Reproduce the listing below exactly. Pictures do not belong in the copy.

[DATASET EXCERPT]
____________

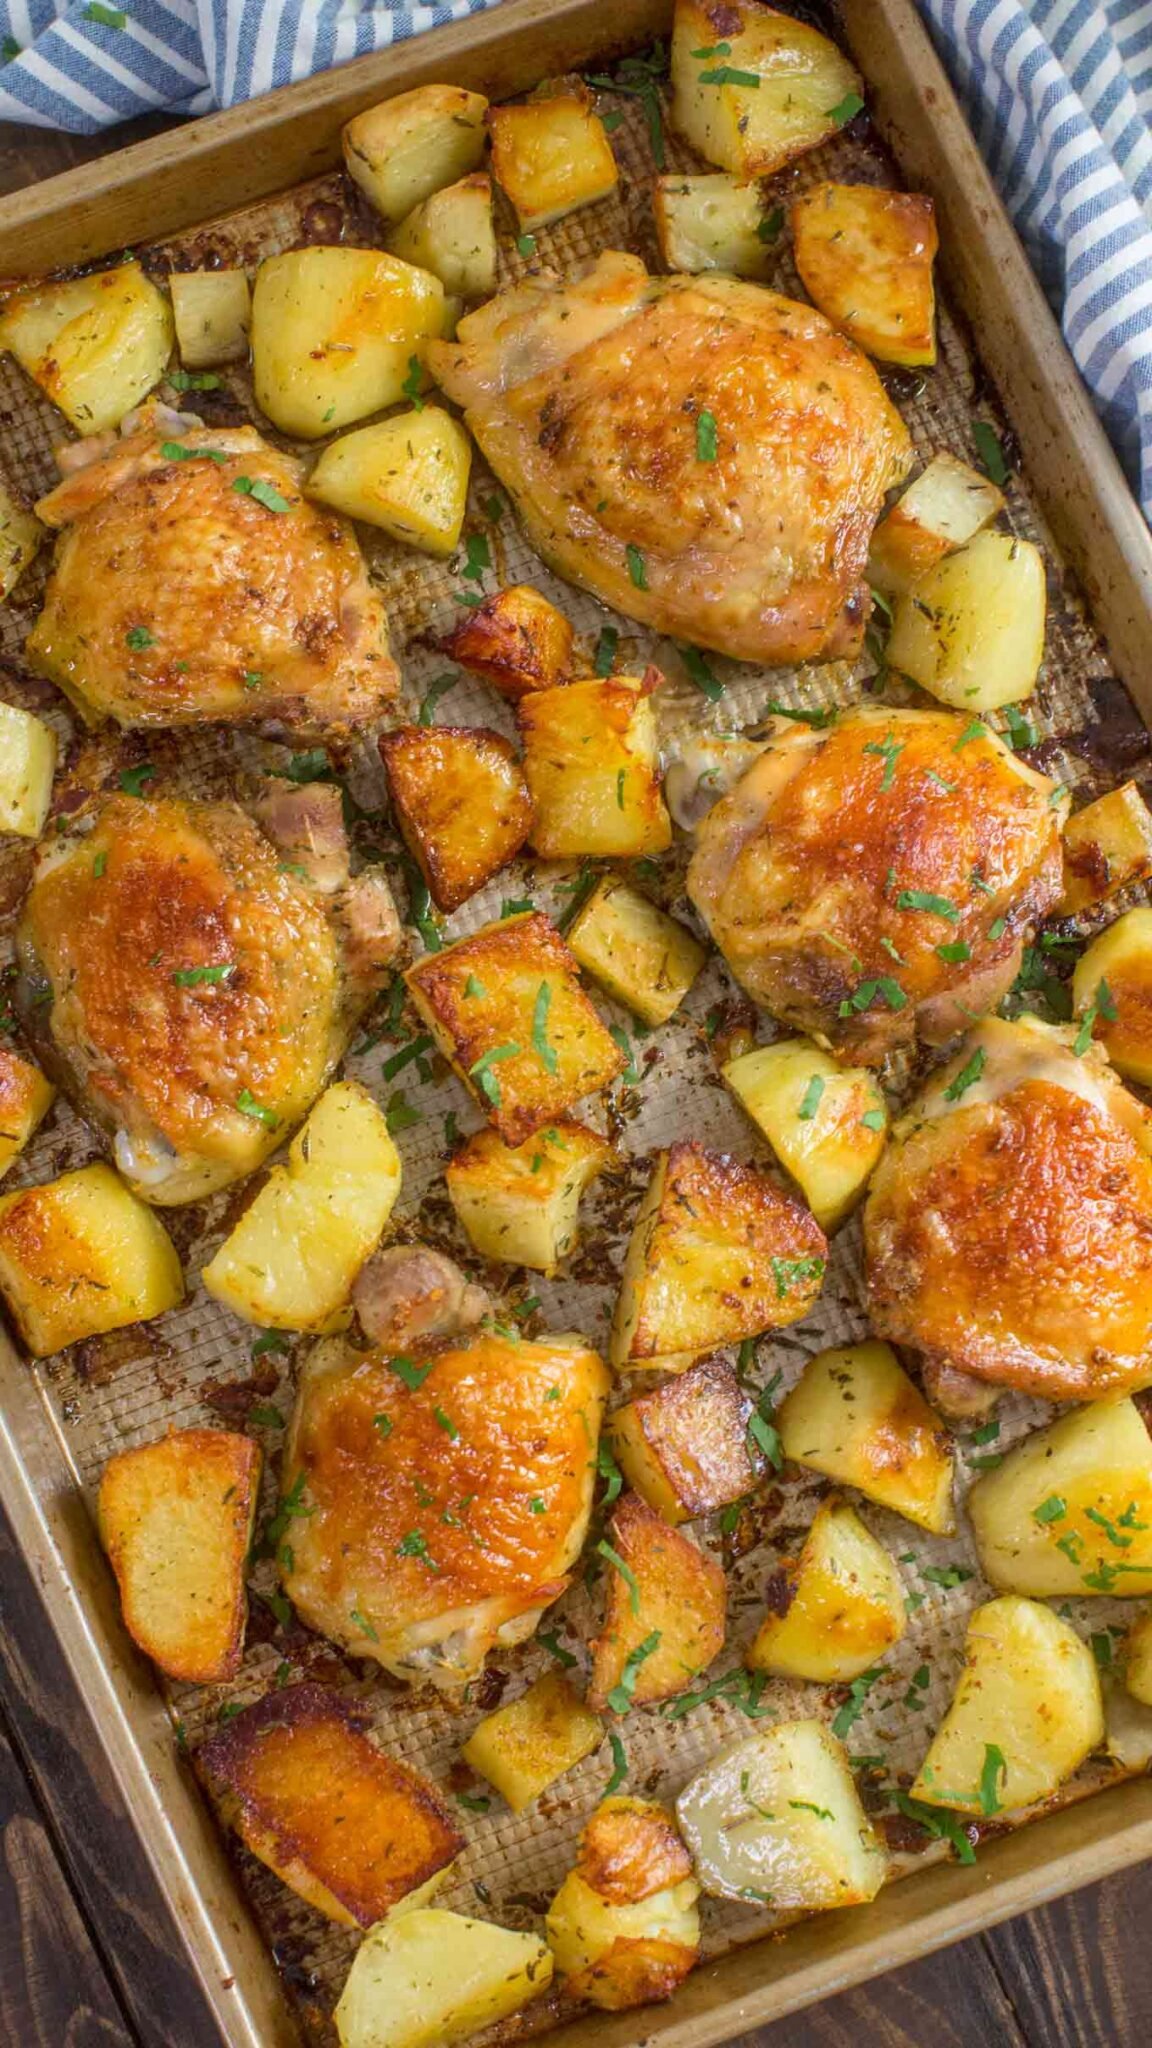 Chicken and Potatoes Recipe - 5 Ingredients Only! - S&SM
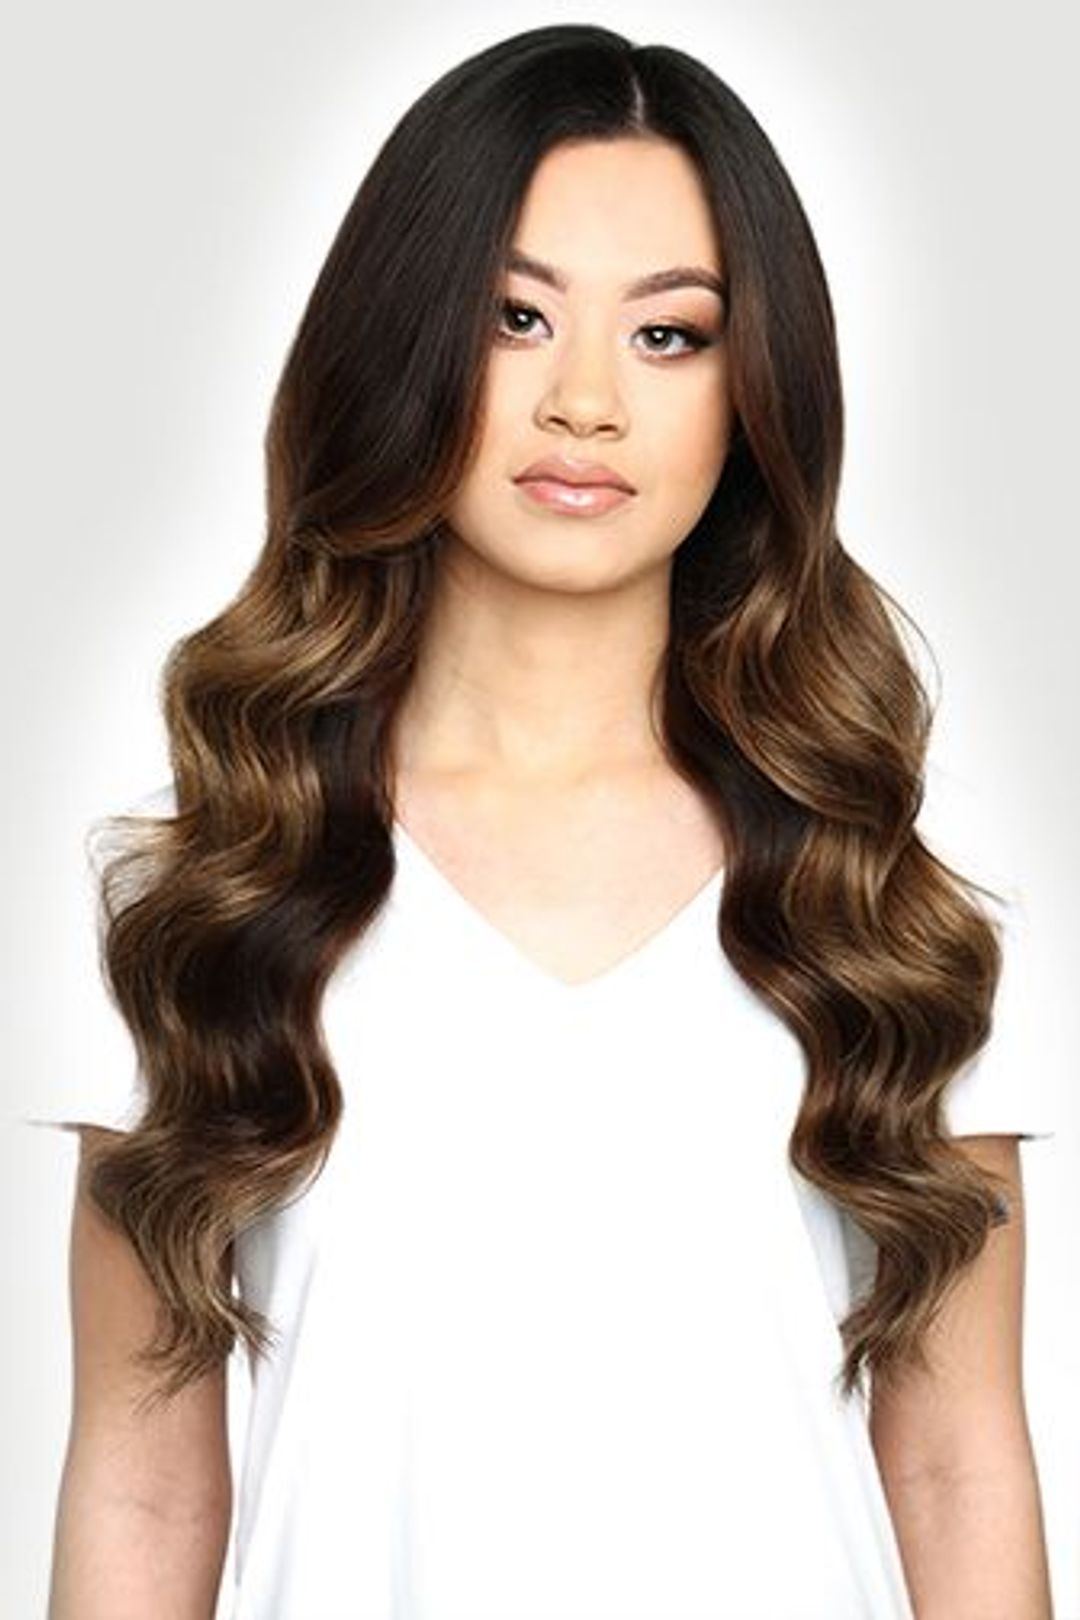 Beauty Works Deluxe Clip-In Hair Extensions - Caramel,20"
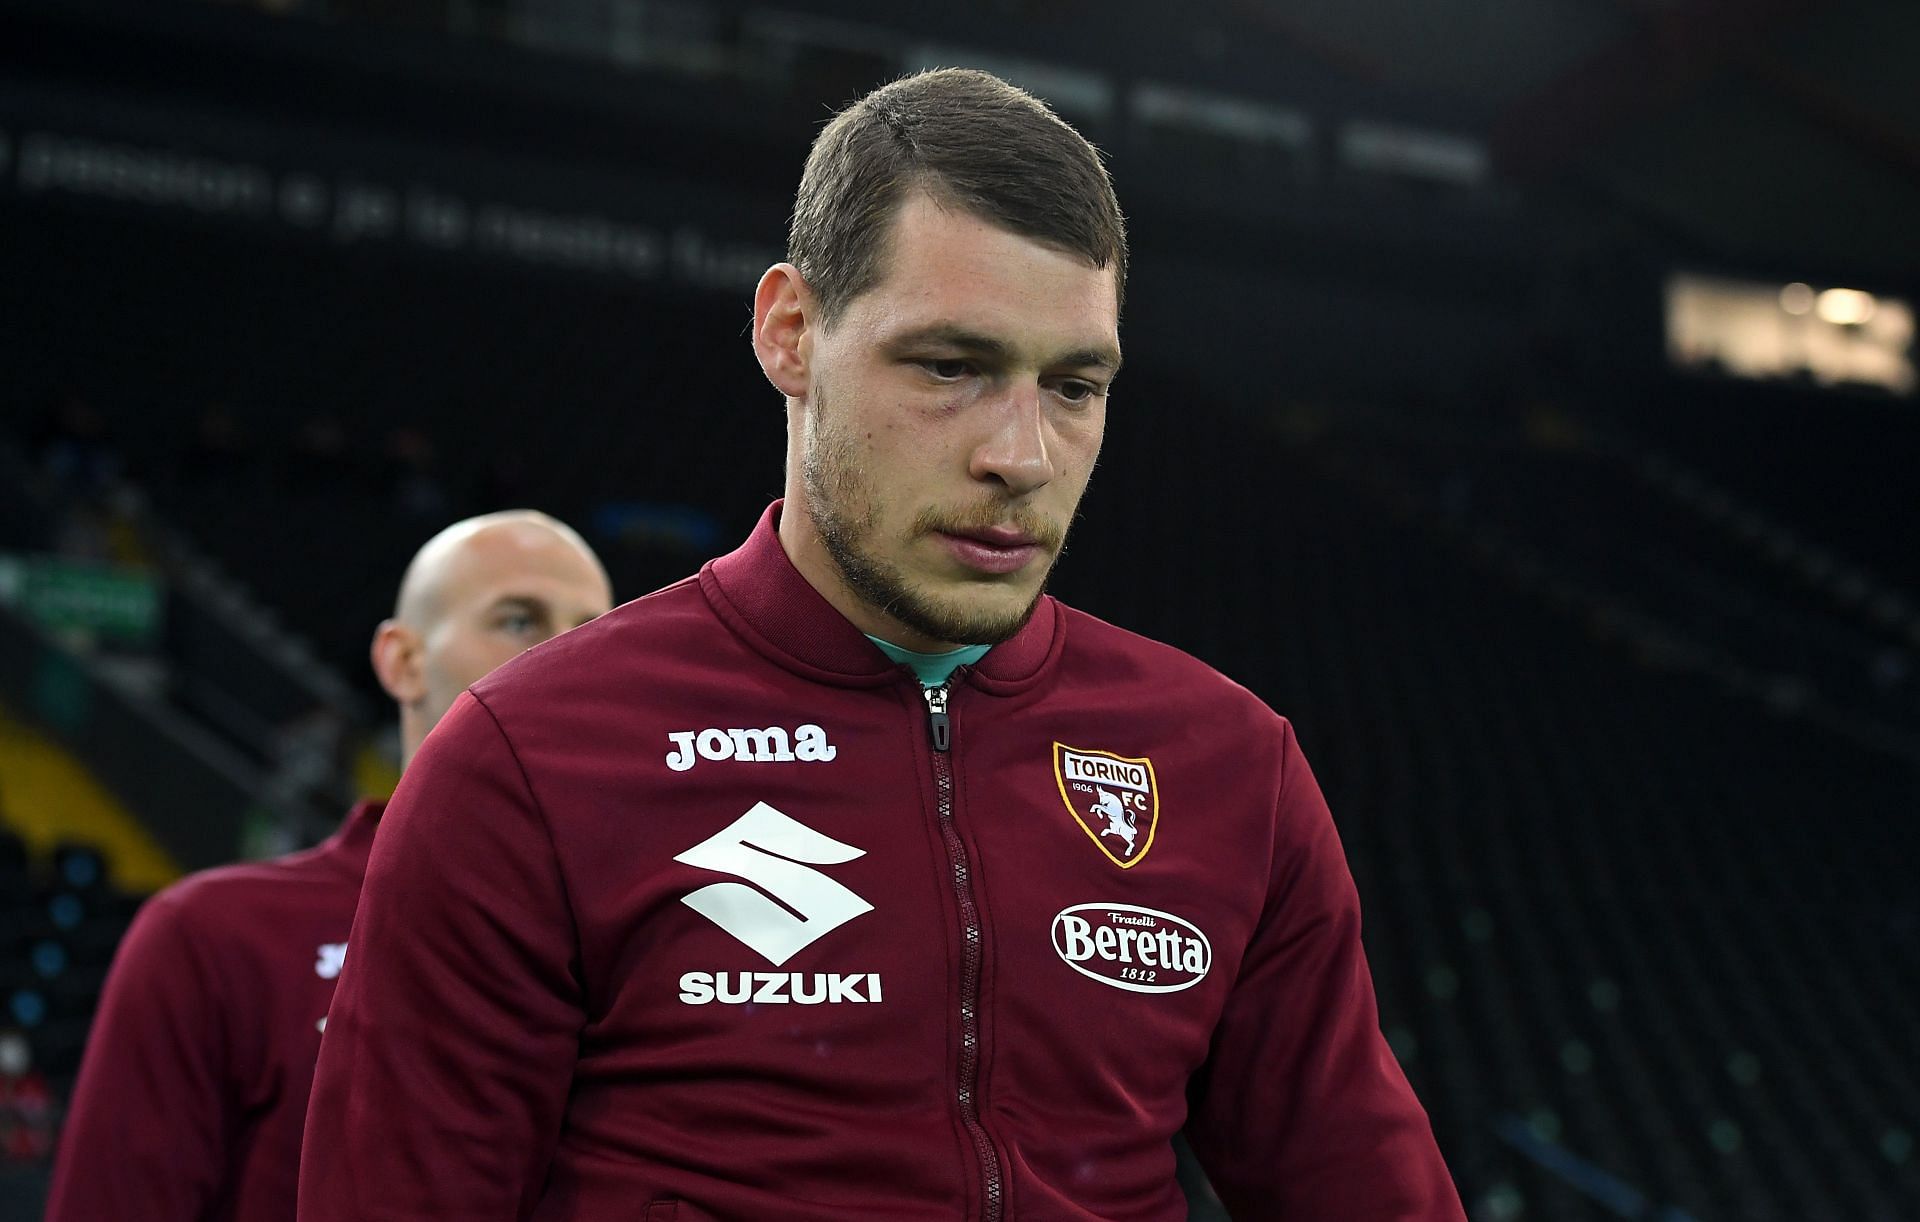 Belotti will be a huge miss for Torino

____________

[WORKED SOLUTION]
 Chicken and Potatoes Recipe - 5 Ingredients Only! - S&SM
 Beauty Works Deluxe Clip-In Hair Extensions - Caramel,20"
 Belotti will be a huge miss for Torino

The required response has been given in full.